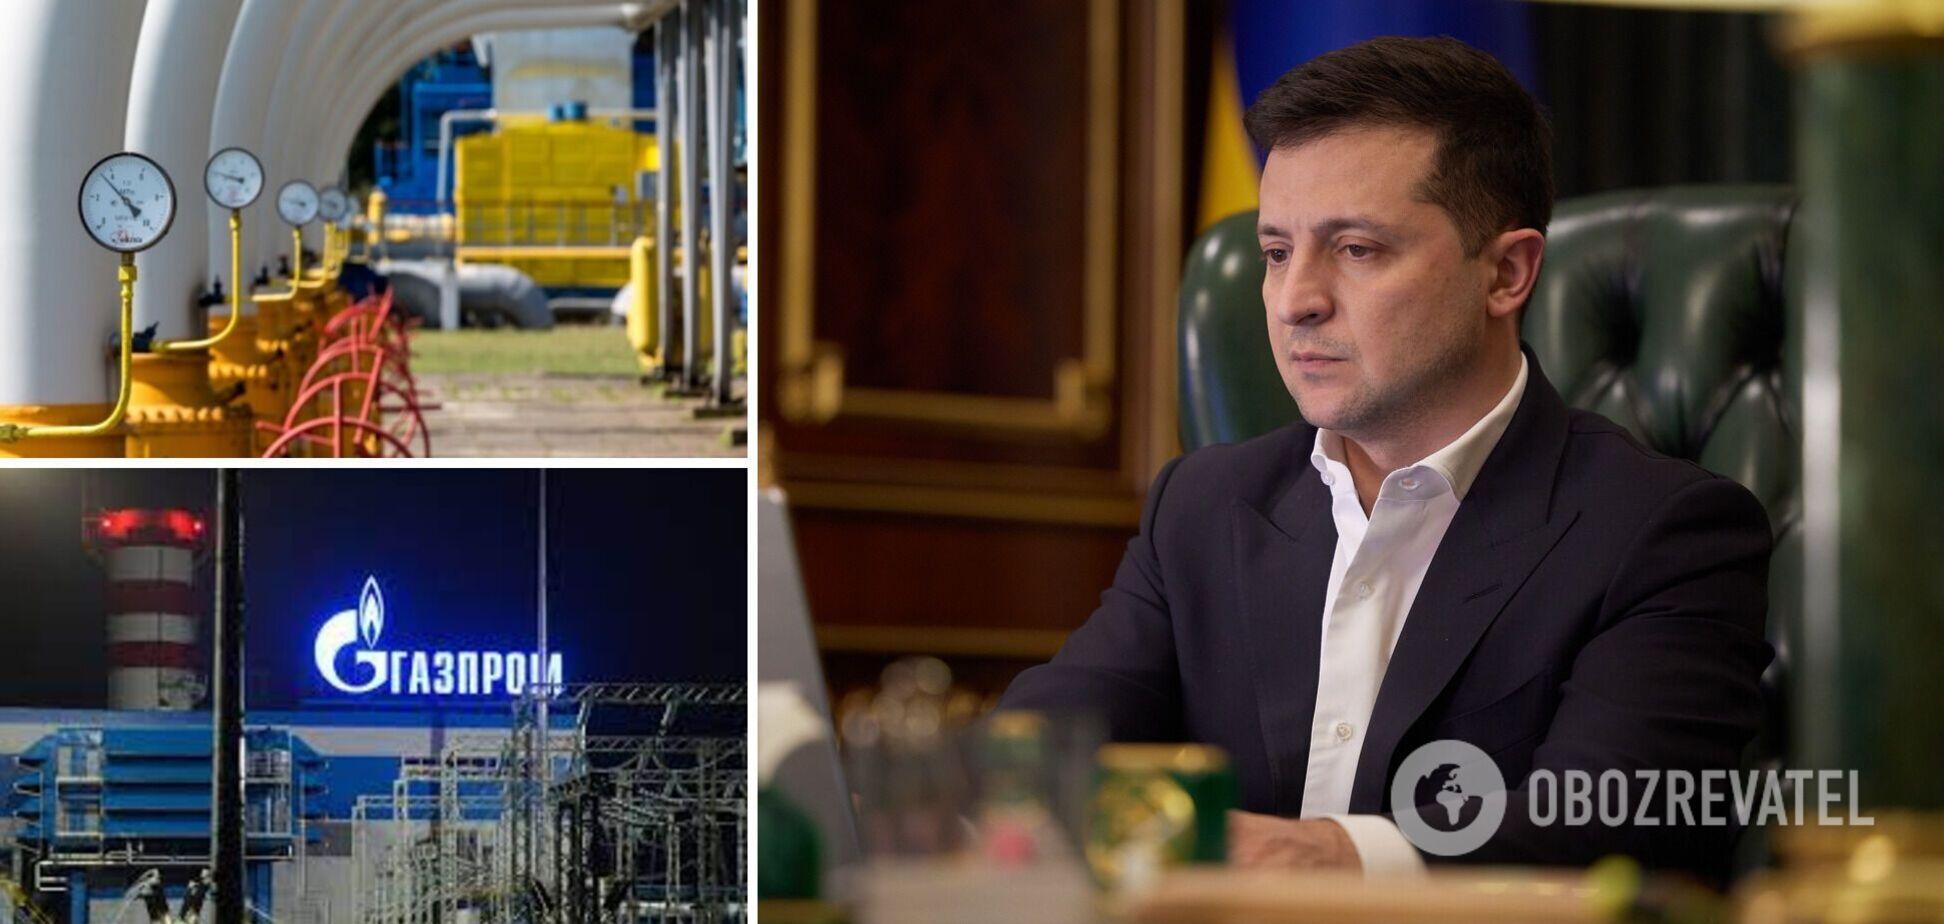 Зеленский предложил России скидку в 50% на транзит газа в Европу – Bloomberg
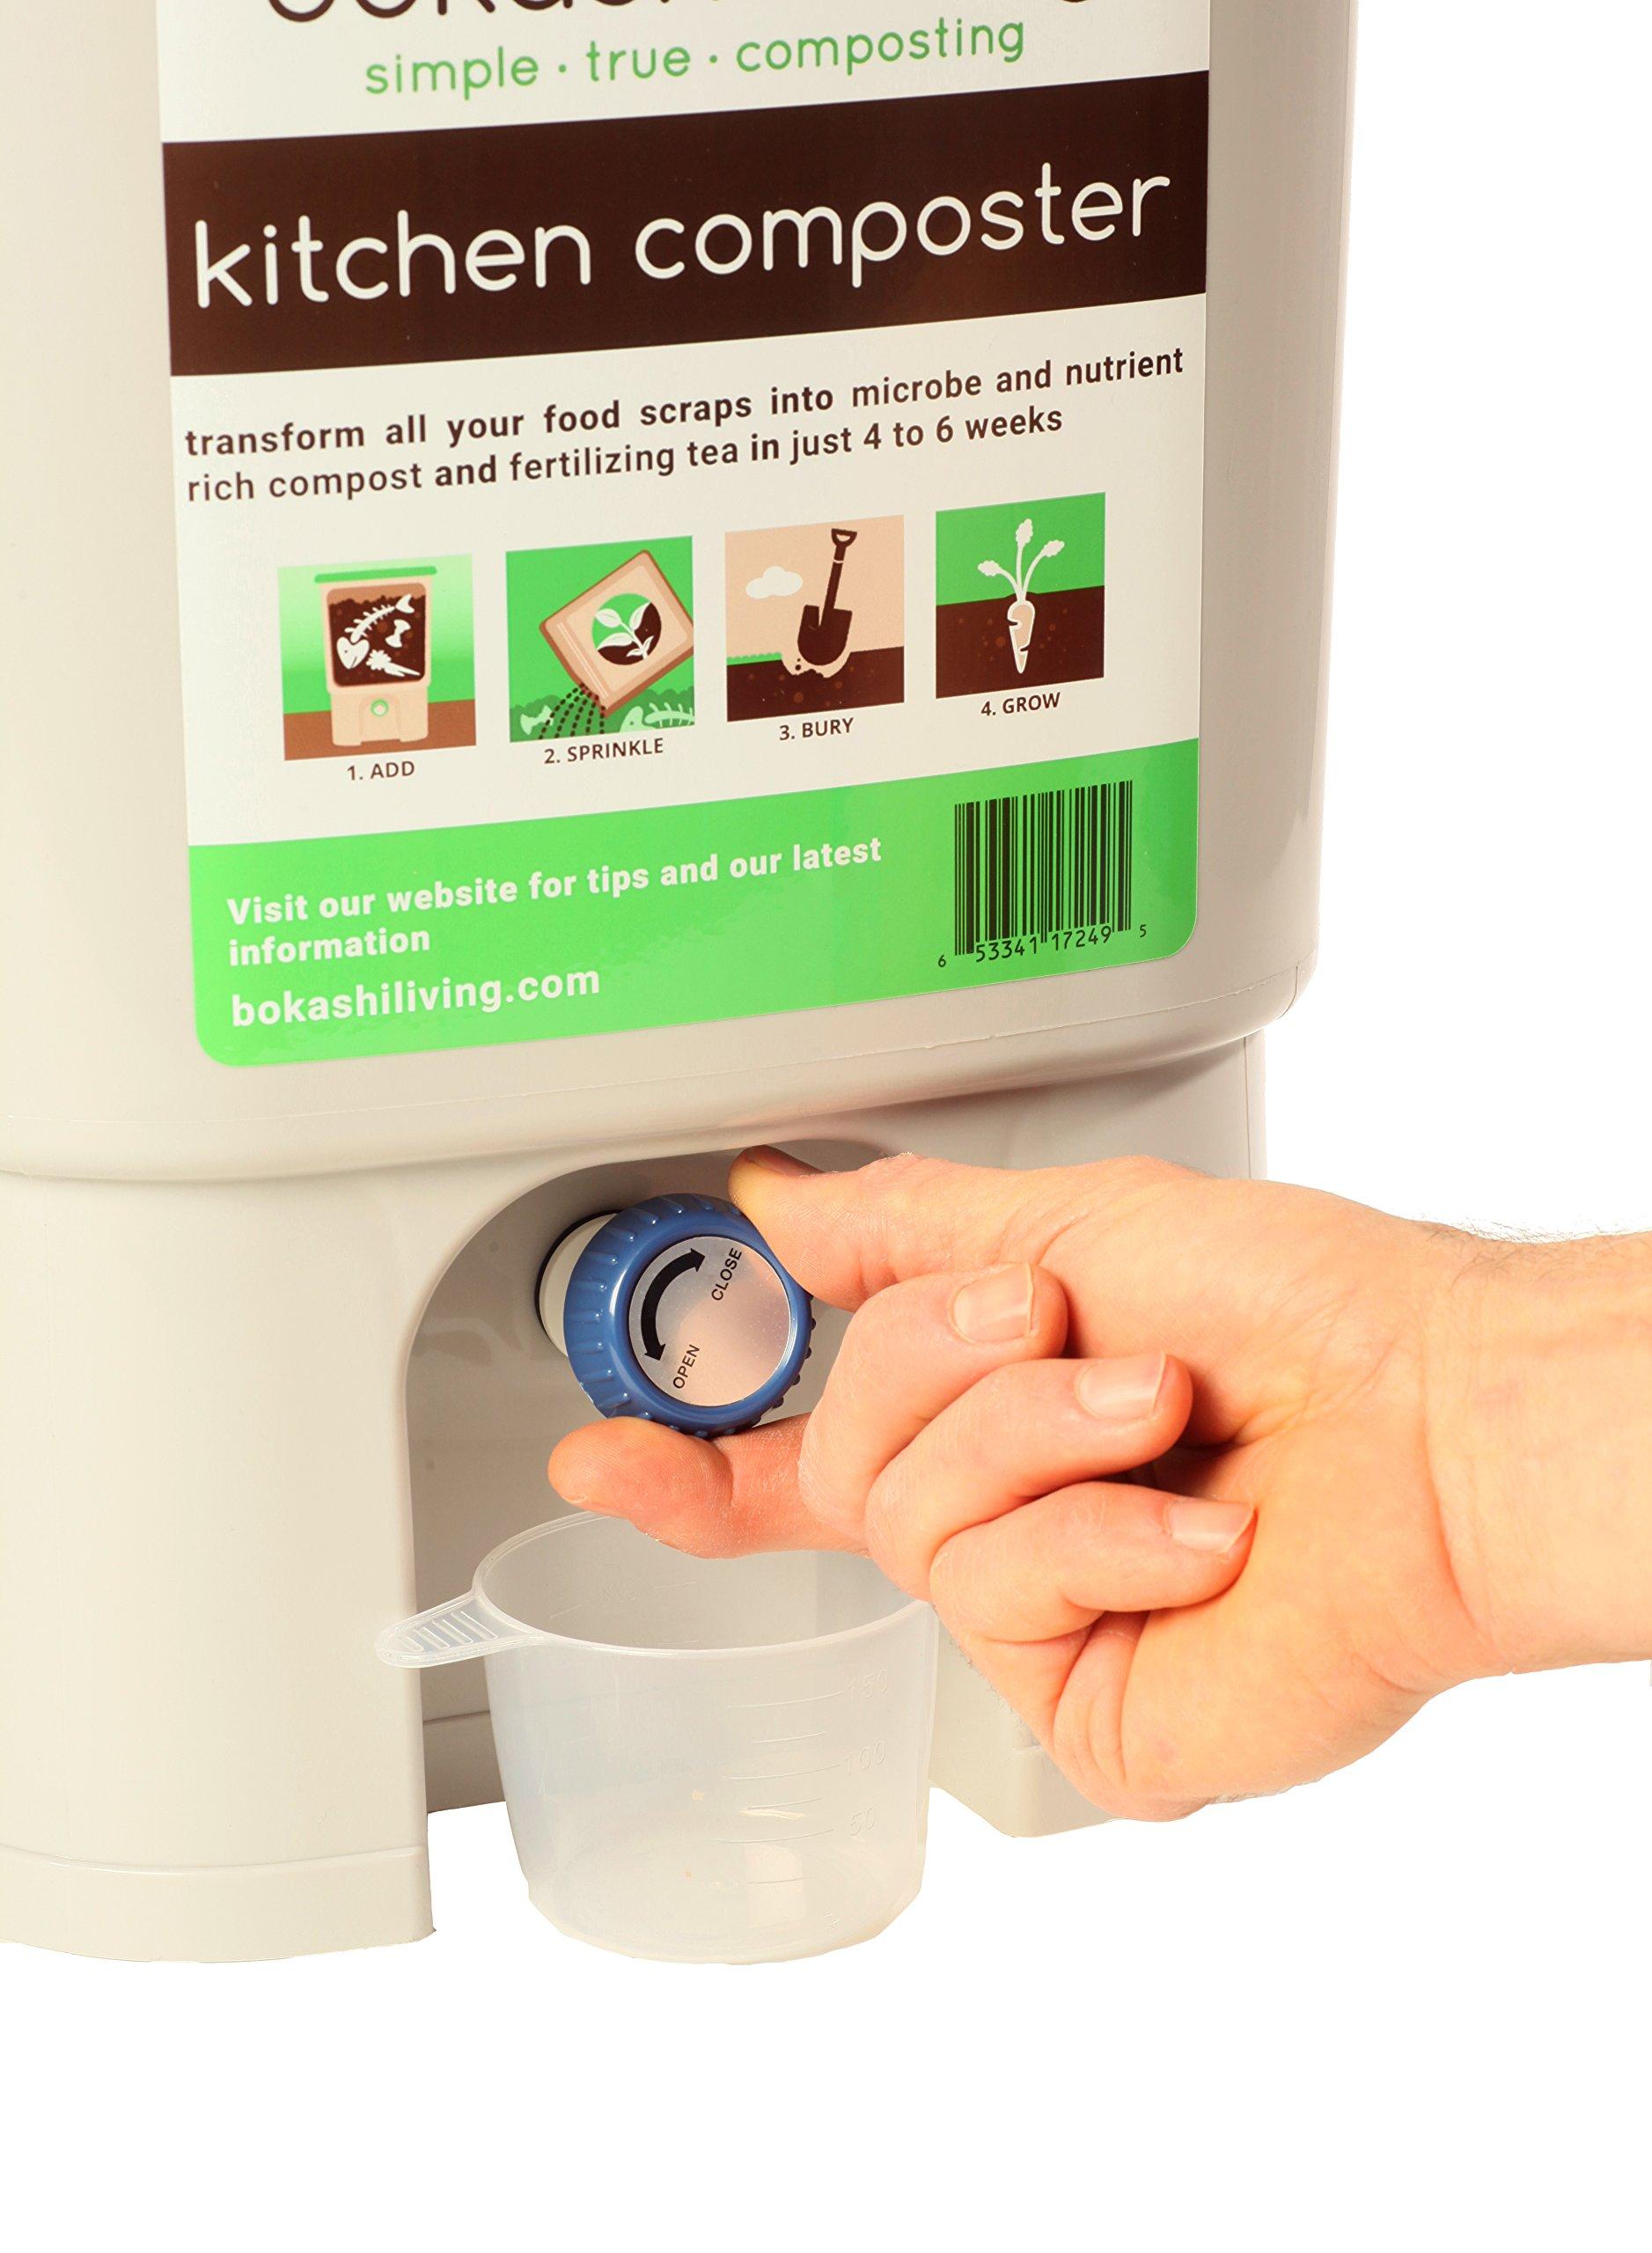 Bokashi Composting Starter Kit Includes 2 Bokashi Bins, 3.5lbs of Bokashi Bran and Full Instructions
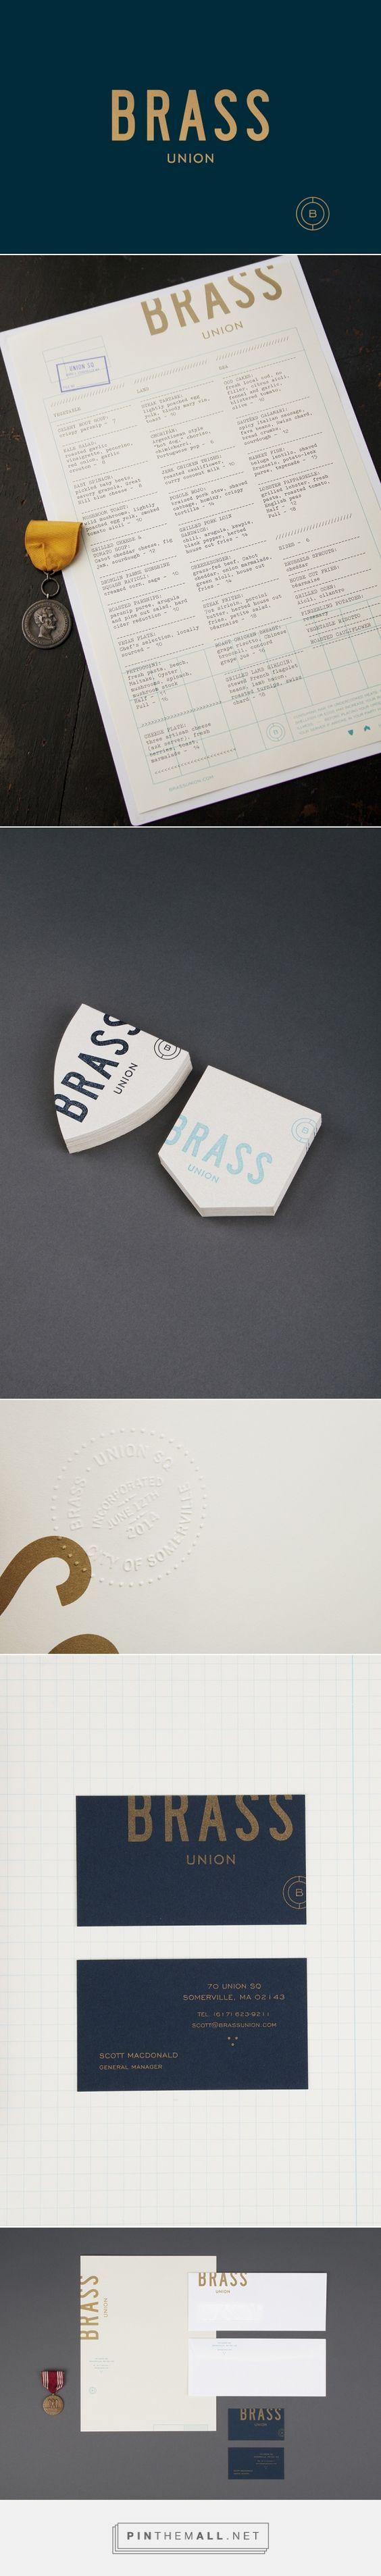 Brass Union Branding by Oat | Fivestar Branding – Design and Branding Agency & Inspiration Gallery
┄┄┄┄┄┄┄┄┄┄┄┄┄┄┄┄┄┄┄┄
PROMPT: All that's required is the material above repeated exactly, minus any picture.

SOLUTION TO THIS PROBLEM:
 Зеленский предложил России скидку в 50% на транзит газа в Европу – Bloomberg
 Bokashi Composting Starter Kit Includes 2 Bokashi Bins, 3.5lbs of Bokashi Bran and Full Instructions
 Brass Union Branding by Oat | Fivestar Branding – Design and Branding Agency & Inspiration Gallery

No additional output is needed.